Matignon la nuit, Nicolas Idier (par Philippe Chauché)
Matignon la nuit, Nicolas Idier, Plon, août 2024, 176 pages, 19 €
Ecrivain(s): Nicolas Idier Edition: Plon
« Je suis une sous-plume, comme il y a des sous-mains. Un bout de plume de demain, un vestige de plume. Une ou deux barbules, à peine. Je n’ai presque rien pesé dans l’organisation sans faille du cabinet du Premier ministre. Mon départ se fera sans un tremblement, sans le moindre frémissement » (Matignon la nuit, 17:00).
Cet éblouissant roman est dédié À toutes les plumes, celles qui officient dans l’invisible auprès des ministres et du Premier d’entre eux, celles qui se glissent dans ce roman, plumes romanesques pour la plupart, plumes françaises et chinoises, affûtées et anonymes parfois. Nicolas Idier, qui fut l’une des plumes du Premier Ministre Jean Castex, romance cette expérience, cette aventure unique entre les murs de Matignon – Matignon est un peu ma Cité Interdite, mon voyage intérieur.

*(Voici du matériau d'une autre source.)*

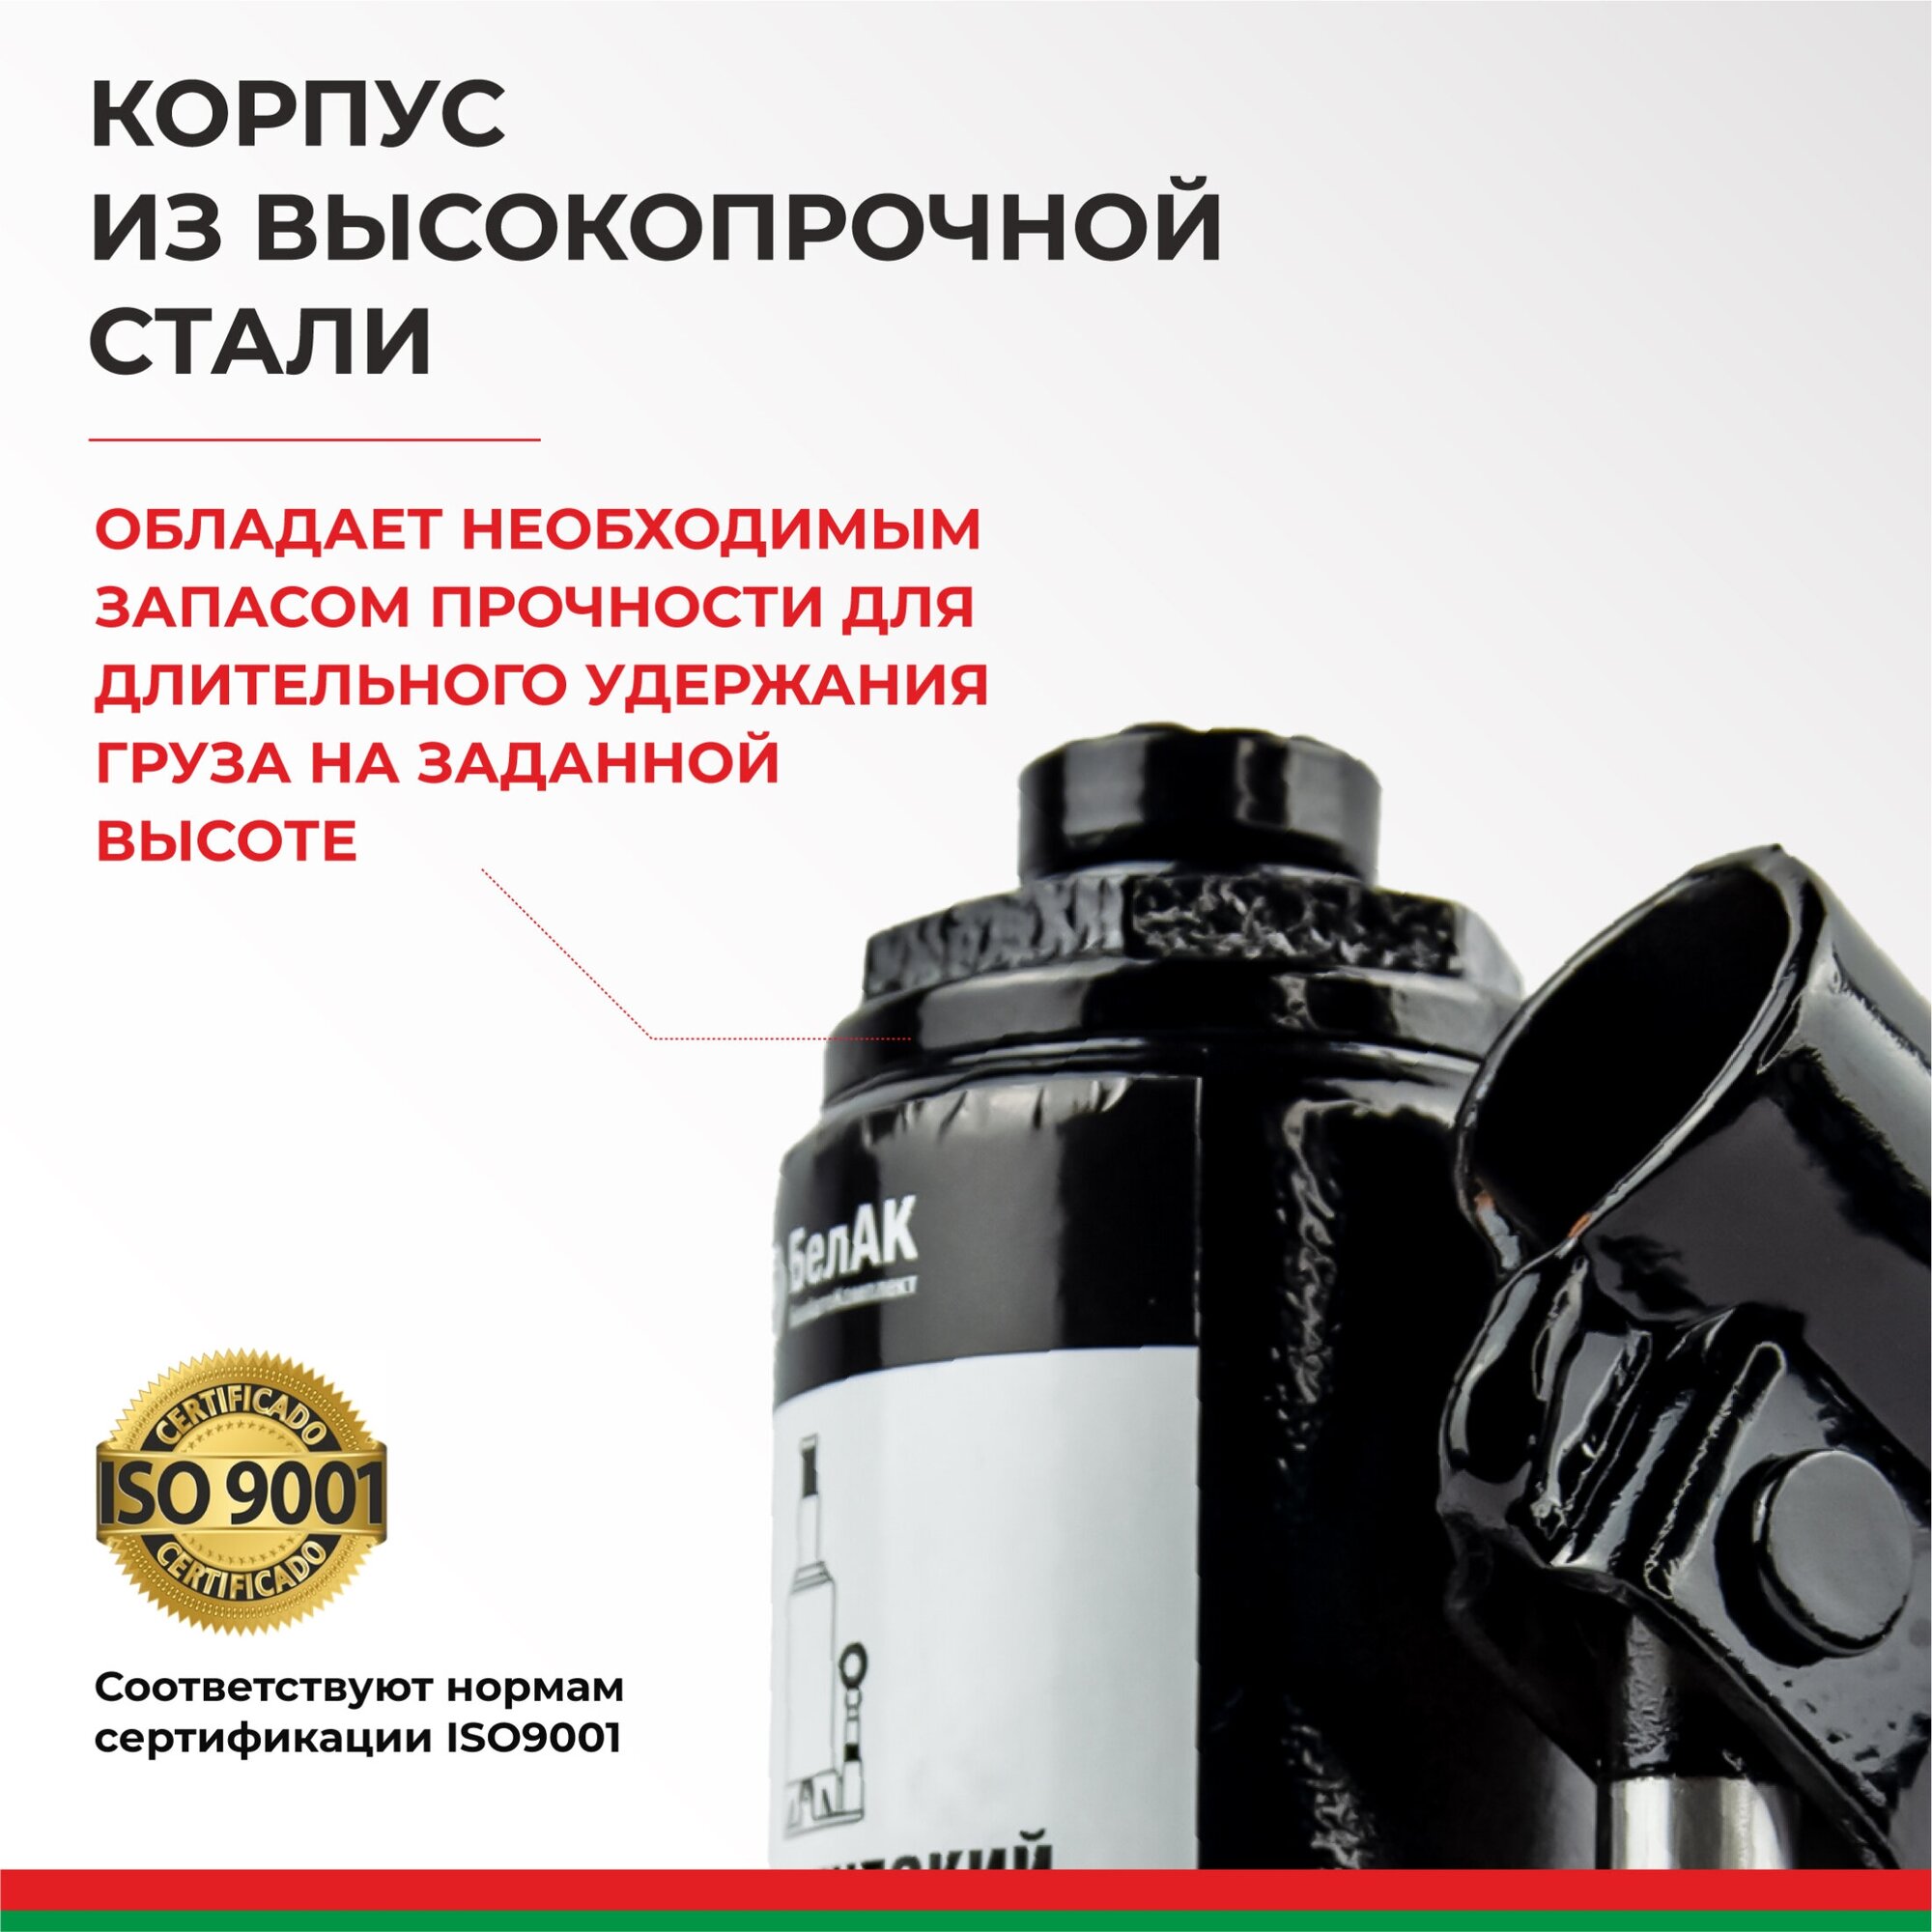 Домкрат бутылочный гидравлический БелАК БАК00039 (2 т)
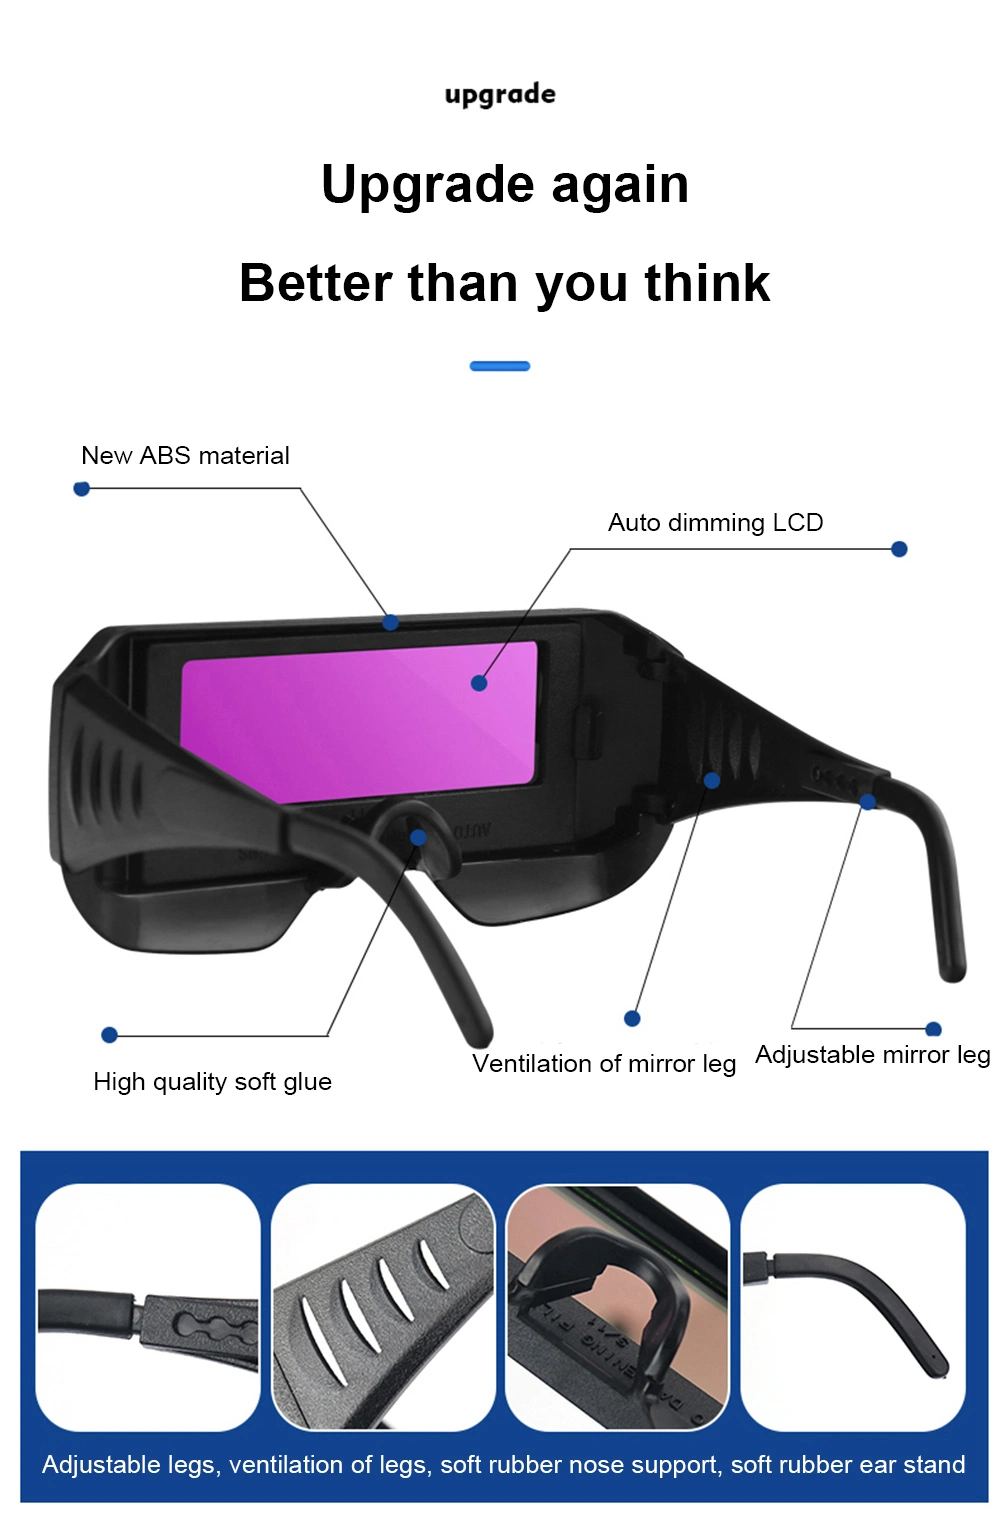 Factory New Technology Auto Darkening Welding Glasses Used for Welder Welding Prevent Strong Light Damage Glasses

Cette dernière journée et cette dernière nuit à Matignon est un révélateur pour le narrateur, l’écrivain, la sous-plume, ce révélateur, cet accélérateur, ce sont des migrants qui montent dans des nacelles d’éoliennes. Le conseiller est là pour répondre à la situation, pour le moins écrire quelques phrases qui devront nourrir le discours du Premier ministre qui devra y répondre. Le problème, c’est, sans temps perdu, d’écrire ce qui doit être dit plus tard par le locataire de Matignon, trouver ou retrouver le souffle, le mot, les mots justes, et les minutes, les heures qui défilent, les dernières du conseiller ne seront peut-être pas suffisantes.
Cette dernière nuit à Matignon n’est pas celle de la dernière chance, car la plume quittera quoi qu’il arrive son bureau au matin, mais c’est celle de l’accord à trouver avec soi-même, pour pouvoir partir serein et léger. Nicolas Idier et son double romanesque ne sont pas seuls à la tâche, à la réflexion et à la plume, il y a des conseillers encore plus proches du pouvoir : Conrad d’Alençon, qui ne craint pas les sautes d’humeur de la haute mer, Alain Robbe-Grillet qui le surveille d’un œil de son portrait accroché dans son bureau, Victor Segalen dont l’auteur partage les passions chinoises de cœur et de corps, ou encore Van Gogh qui le premier appela l’auteur pour le recruter à Matignon, Léna et sa citation de Joubert tatouée sur son épaule – Le plus beau des courages, c’est d’être heureux –, et des penseurs chinois, maîtres stratèges et éclaireurs éclairants, sans oublier le plus chinois des bordelais : Philippe Sollers, ami et éditeur de l’auteur, retiré dans son île, loin des tourmentes de Matignon (1).
« Matignon est à la fois, dit-on, le lieu de la damnation et celui de la rédemption. L’endroit où j’apprends ce qui m’était jusque-là apparu comme une vertu ringarde, une qualité d’un autre siècle : l’humilité. Si tu veux être sauvé, égare-toi. Si tu aimes, pars. Le discours a besoin de respirer. Moi aussi » (Matignon la nuit, 02:52).
Nicolas Idier nous offre là un passionnant roman, une étourdissante nuit à Matignon, si près du pouvoir et si près des livres, ce qui ne peut être que rassurant, même dans le doute le plus profond, ces auteurs sauvent les narrateurs plume légère de ses doutes et de ses absences. Chaque chapitre de cette nuit blanche s’ouvre sur une heure, se ferme parfois sur ces petites notations très chinoises tracées dans son carnet. Florilège : Voir l’envers des choses – Rester calme dans la tempête – et cette phrase lumineuse et inspirée par Musõ Soseki qui, nous précise Nicolas Idier, pratiquait l’art de l’observation de la lune entre 6 heures et 7 heures du matin : Une chouette hulotte s’envole dans un silence de lumière blanche et se pose en haut du hêtre pourpre. Cette chouette porte-bonheur accompagne l’auteur et le protège dans cette nuit très agitée, et protège ainsi ce roman de Matignon qui scintille dans la nuit parisienne.
Philippe Chauché
(1) « Nous nous sommes vus, et revus, parfois même par la grâce du hasard objectif des rues de Paris. A chaque fois, soufflait le vent d’une joie communicative et la sensation d’approcher une idée du bonheur »
https://www.lacauselitteraire.fr/hommage-a-philippe-sollers
Nicolas Idier est notamment l’auteur de La Musique des pierres et Nouvelle jeunesse (Gallimard, L’Infini), avec Makenzy Orcel d’Une boîte de nuit à Calcutta (Robert Laffont) et Dans la tanière du tigre (Stock).